A shift of perspective in estimating performance

In 5-fold Cross Validation we’ll build five Tree Models from 80% of the data, estimate their performance on a 20% test, and return the average. But the actual Tree Model to use in operational environment is the Tree Model learned on 100% of the data. We never directly apply the final Tree Model on a test set to get the estimate; we have no samples left. So, what performance are we estimating? We are estimating, the average performance of the Tree Models produced by the Tree Learner when trained on 80% of the samples in the given data distribution; let us define this quantity as the Learner performance, in contrast to the Model performance defined above. A subtle, but quite important, shift of perspective just occurred:

  • Perspective shift: We do not directly estimate the predictive performance of a specific predictive model instance. We estimate the performance of the learning function (machine learning pipeline) that produces the final predictive model.

This approach is what saves us from losing samples to estimation. It is depicted in Figure 2. In fact, it is our only current alternative for tiny sample sizes, e.g., fewer than 20 per class in a classification problem. Notice I write “per class” because one may have 1,000,000 samples available, but if one of the classes is rare (say 1 in 100,000) that still makes estimation challenging.

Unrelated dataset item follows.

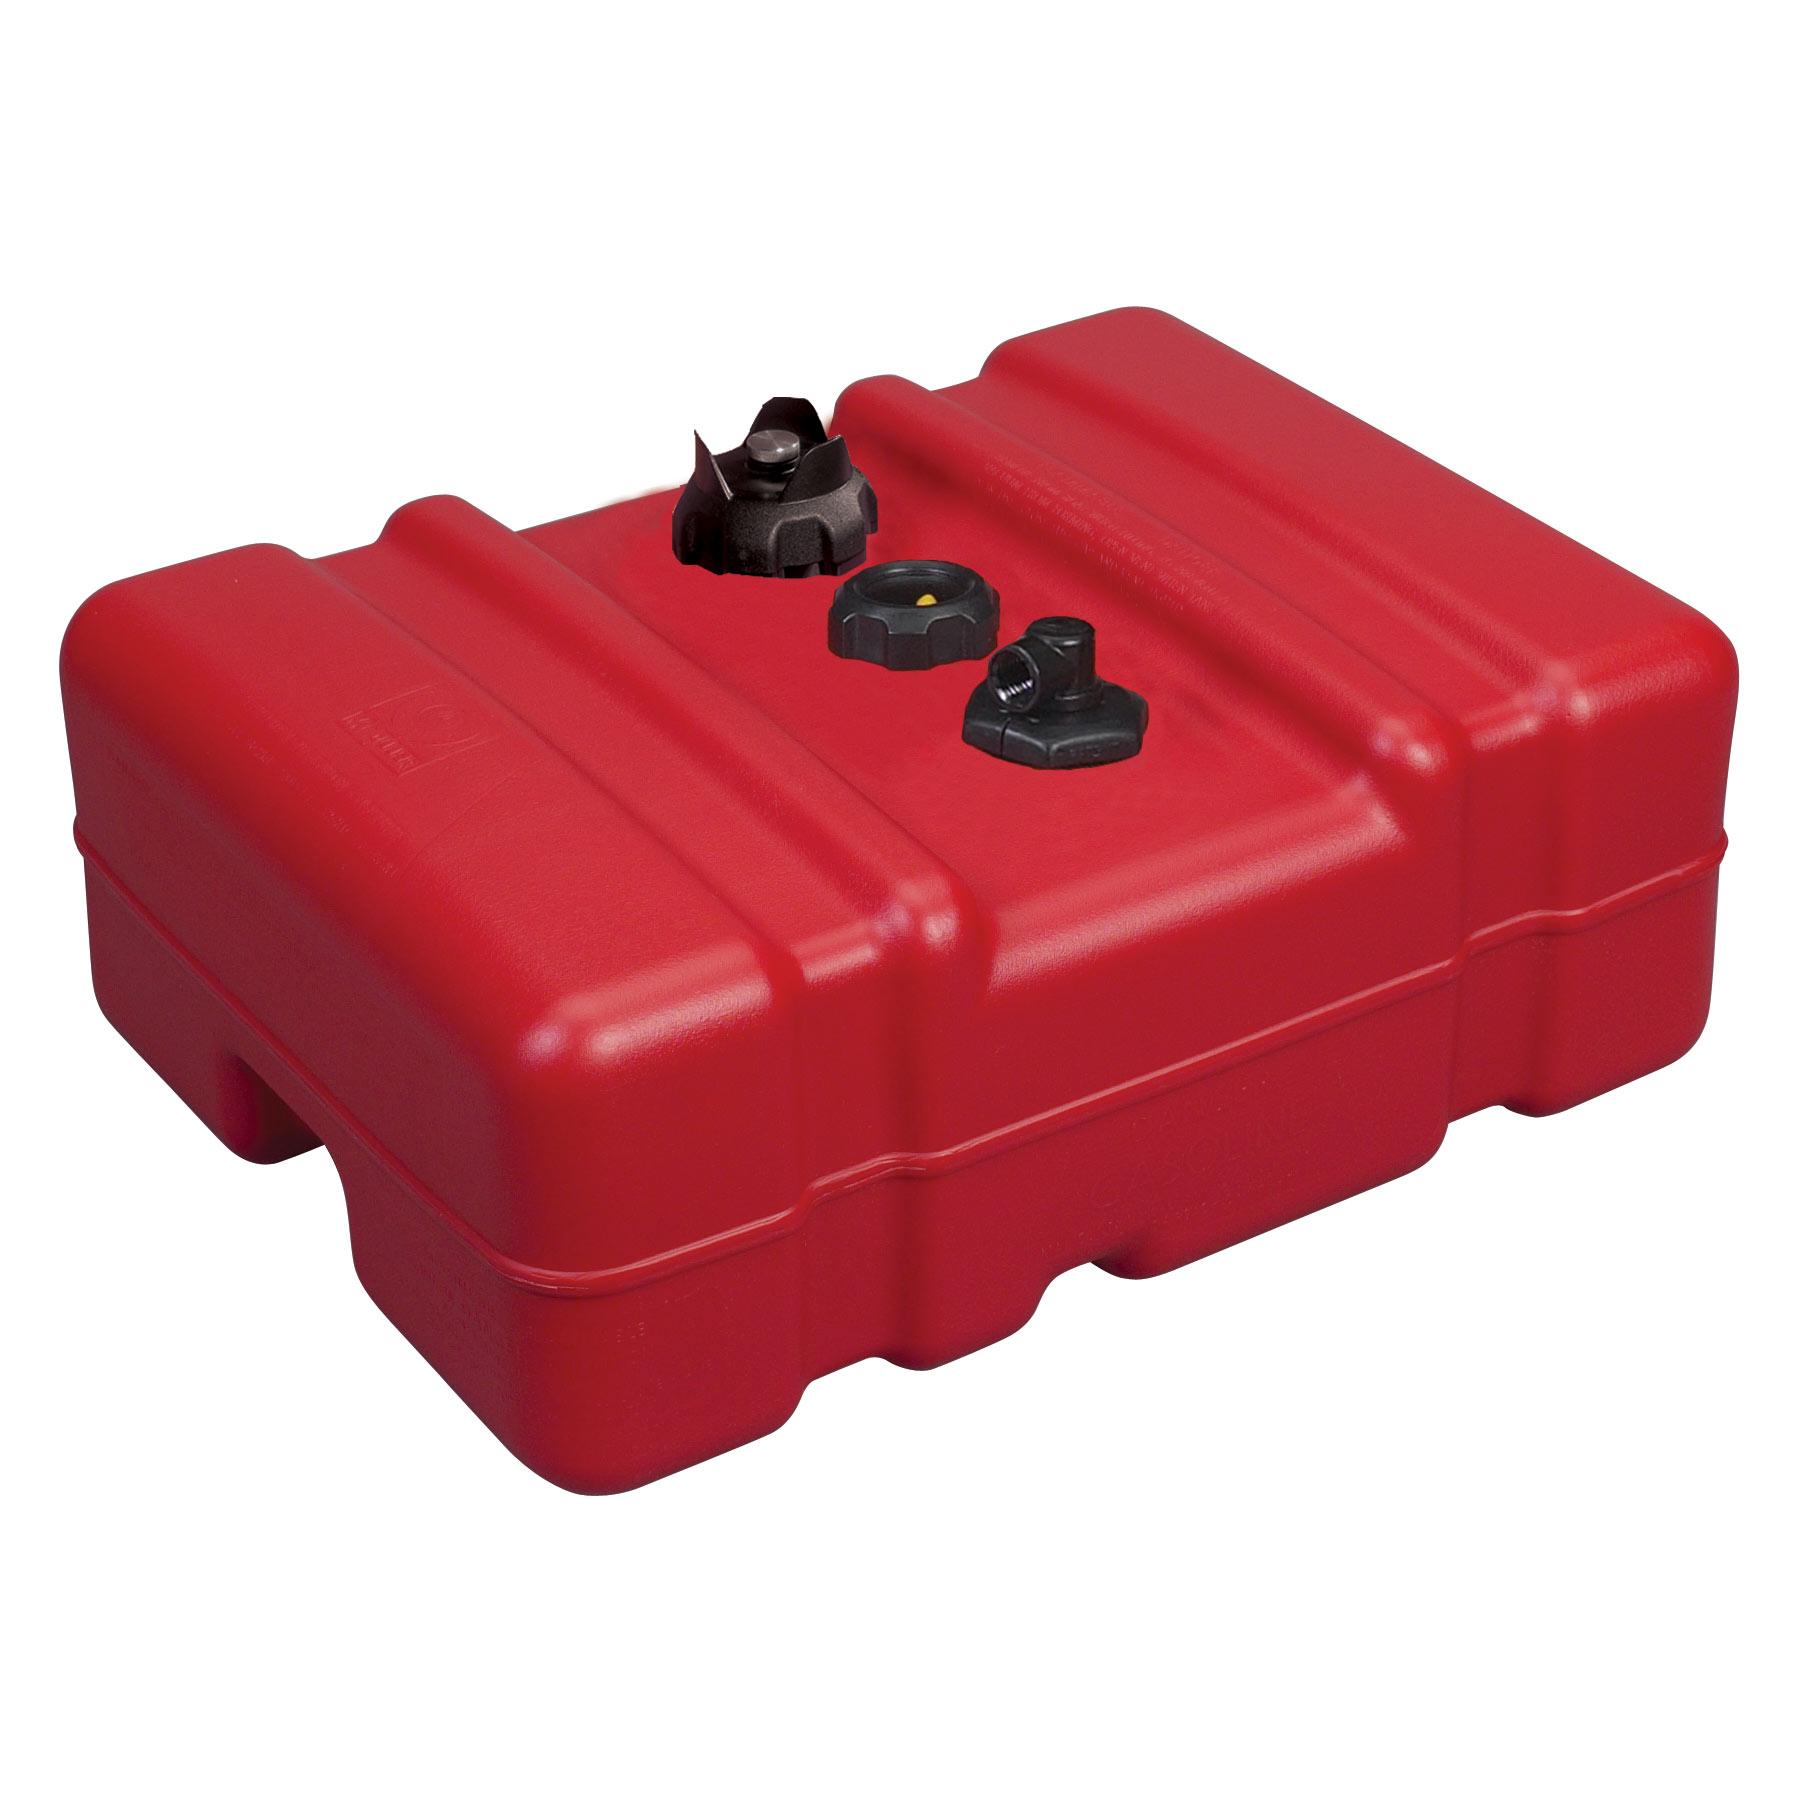 Moeller 630013lp 12 Gallon Lpt12 Portable Fuel Tank Tempo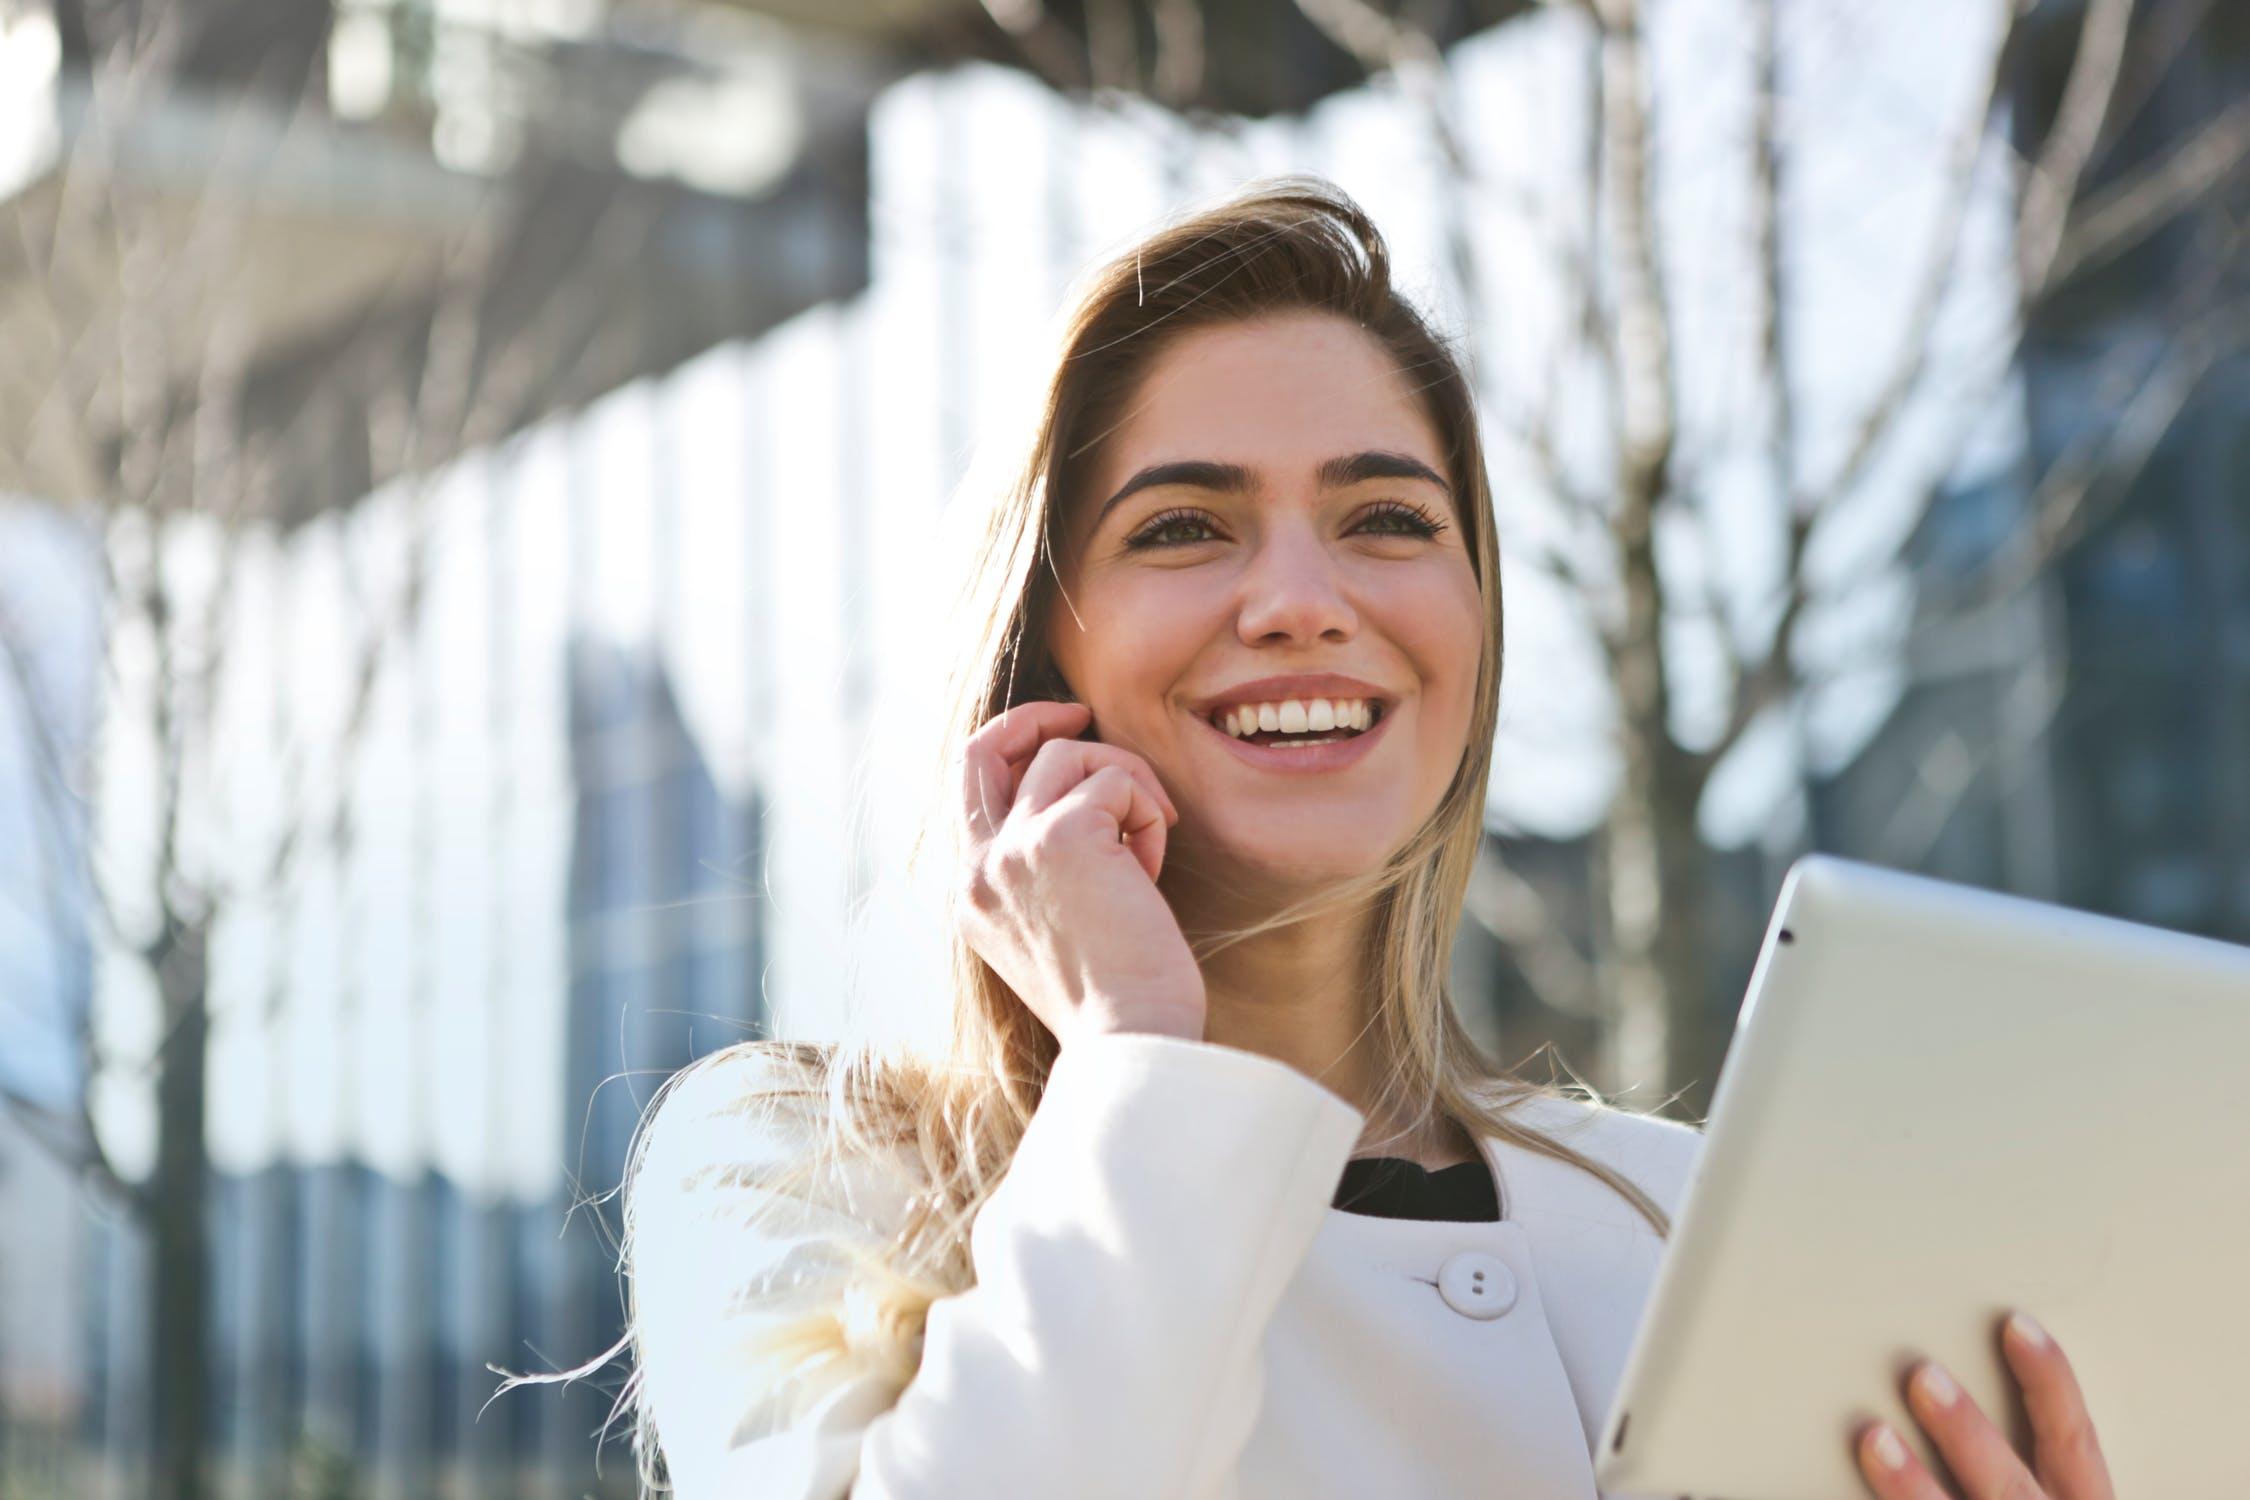 Smiling woman using ipad

For time-to-event (survival analysis) problems, what matters is not the total sample size but the non-censored cases, meaning the samples for which the event has occurred (e.g., patients who have died). There is a psychological downfall, however: we never directly apply and test the specific Tree Model we’ll be using. Some practitioners feel uneasy about this. Nevertheless, this is a sound statistical methodology and there is plenty of empirical evidence that it works correctly, even in the most challenging of data analysis scenarios with quite low sample size and hundreds of thousands of predictors (features).5,7 To ease one’s mind, it is better to not only return a point estimate of performance, but also a confidence or credible interval (see Tsamardinos et al.4 for methods to produce such intervals).

Figure 2.

Figure 2

An example of the proposed estimation principles

The model to return Moperational is trained on all available data so there is no loss of samples to estimation. It is produced by a machine learning pipeline (Learner) consisting of an imputation of missing values algorithm (MICE), a feature selection algorithm (Lasso), and a modeling algorithm (SVM) with default hyper-parameters. The pipeline is 3-fold cross validated. Each time two-thirds of the data are used for training, and one-third for testing: the feature values Fi are input to the corresponding model instance Mi, predictions yiˆ are obtained, they are compared with the true outcomes yi, and the performance (loss) li is computed. The average loss is returned as an estimate of the loss of Moperational. We do not directly estimate the loss of Moperationally by applying it on a hold-out test set; we are estimating the loss of the pipeline that produced Moperational. The pipeline is cross validated as an atom (see Remarks) thus simulating the ideal estimation protocol in each iteration; we do not cross-validate just the final modeling step which uses the SVM algorithm.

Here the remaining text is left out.